While Alexa’s job may be safe, the company (the second-largest U.S. corporate employer, according to the Times) is embarking on an unusual rationalization of its workforce. It's noteworthy that most of the cuts are in retail, according to retail analyst Nick Egelanian, president of retail development consultants SiteWorks International.
"With 300,000 U.S. employees, you would have to wonder what kind of organization Amazon is if some of those employees were not pared out occasionally," he told Retail Dive in an email, noting that the company continues to "hire at a brisk pace" and lease new office space. "Nevertheless, the fact that the layoffs are in consumer retail does indicate that they continue to look for ways to make the unit more lean, sustainable and profitable. Shipping costs, at nearly $20 billion last year, continue to be their biggest challenge."
Last year, Amazon created 130,000 jobs worldwide, not including at Whole Foods stores. The company has about 560,000 global employees, Amazon's spokesperson told Retail Dive.
Some sections of the e-commerce giant’s business may have grown too rapidly, considering, according to the Times, Amazon’s Seattle employees numbered 5,000 eight years ago and now top 40,000.
At the end of the year, the Times noticed that Amazon was posting far fewer notices for job opportunities in its hometown.
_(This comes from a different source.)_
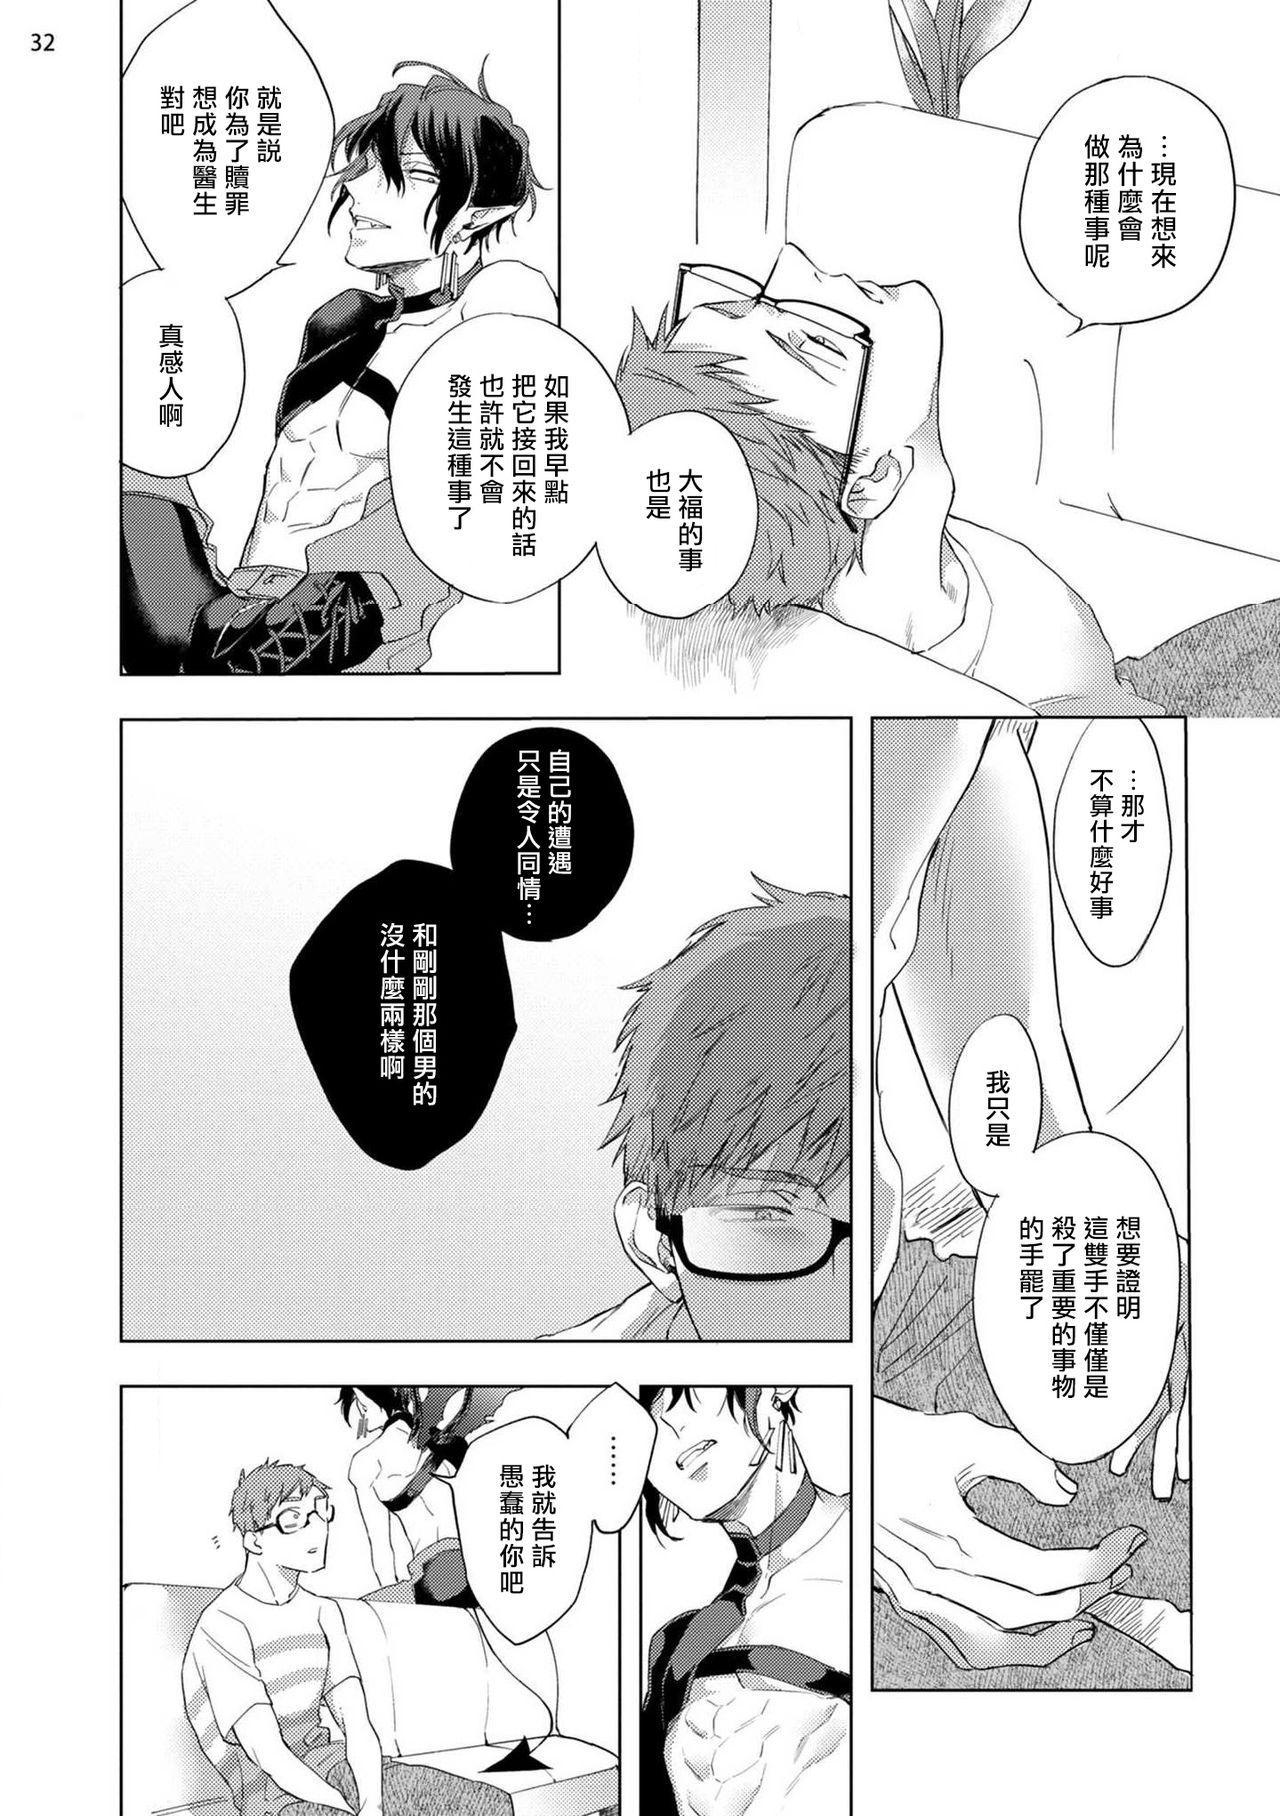 [Yao] Inma-sama ni Hallelujah!   赞美淫魔大人! Ch. 1-3 [Chinese] [拾荒者汉化组] [Digital] 102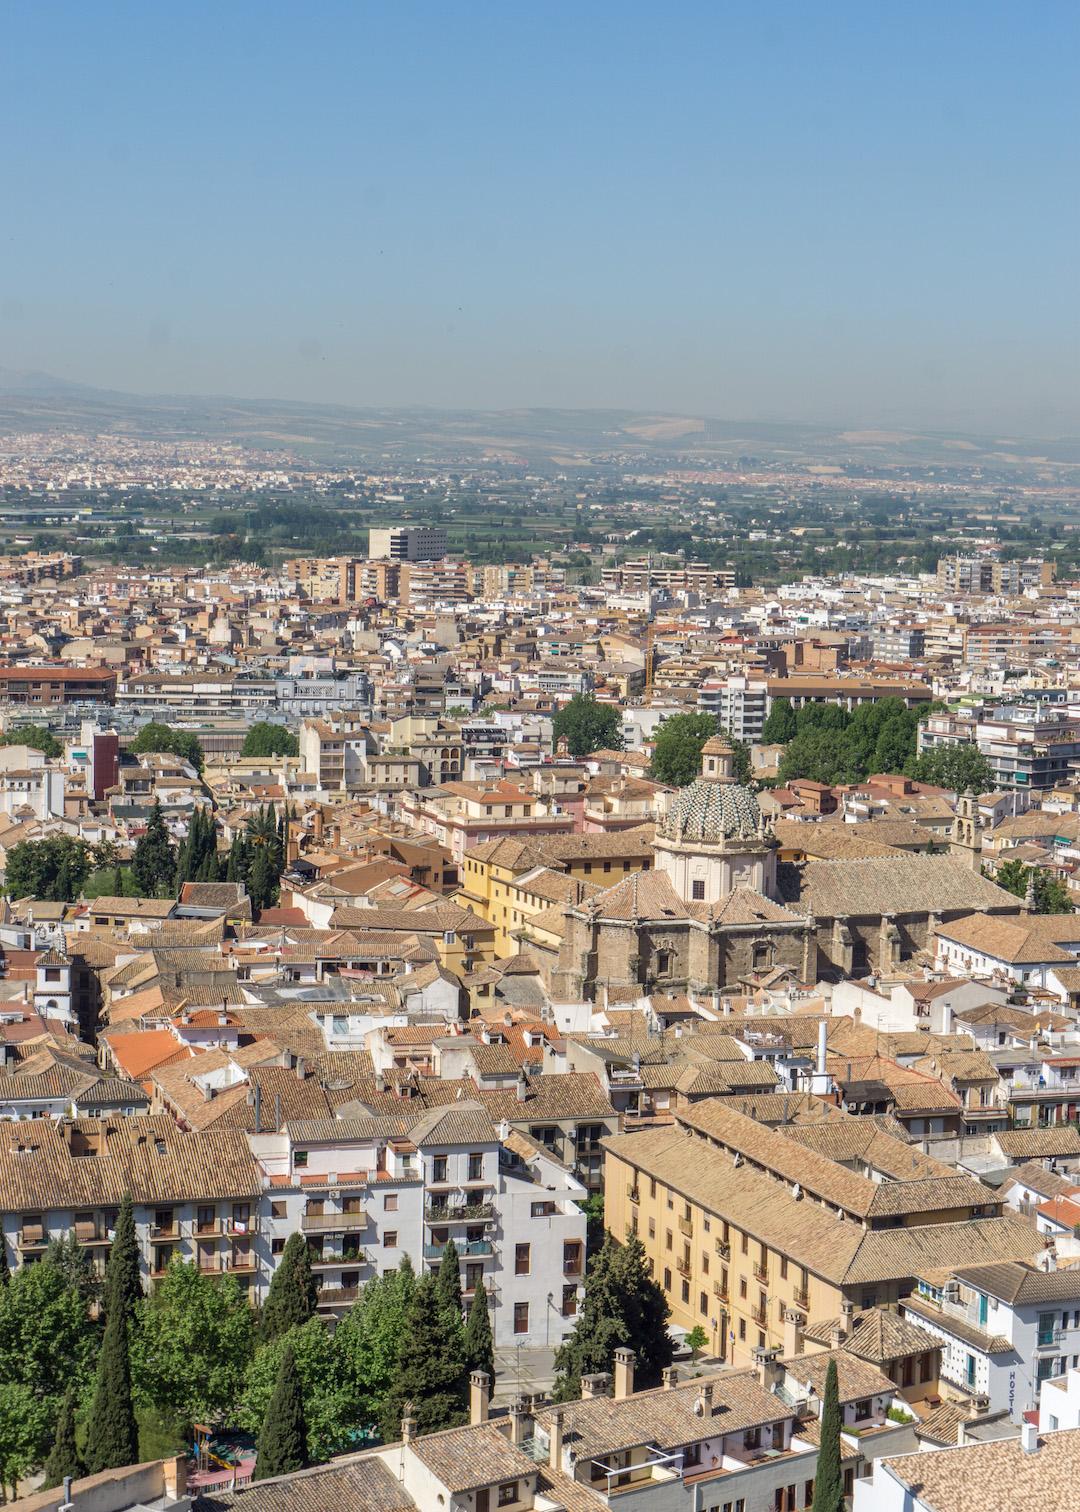 Her_Travel_Edit_Granada_City_View

Job postings last June had numbered more than 9,000, but dropped to just 3,503 in the first week of December — the lowest in three years, according to that report. The paper's number-crunching was backed up by The Conference Board, which between August and November last year counted the lowest number of Amazon job listings in Seattle's King County of any four-month period in data since June 2015, the Times also noted.
However, even the subdued numbers overshadow those at other business giants in the area: Amazon job listings surpass those of Microsoft, the University of Washington, Nordstrom and Starbucks combined, according to the Times.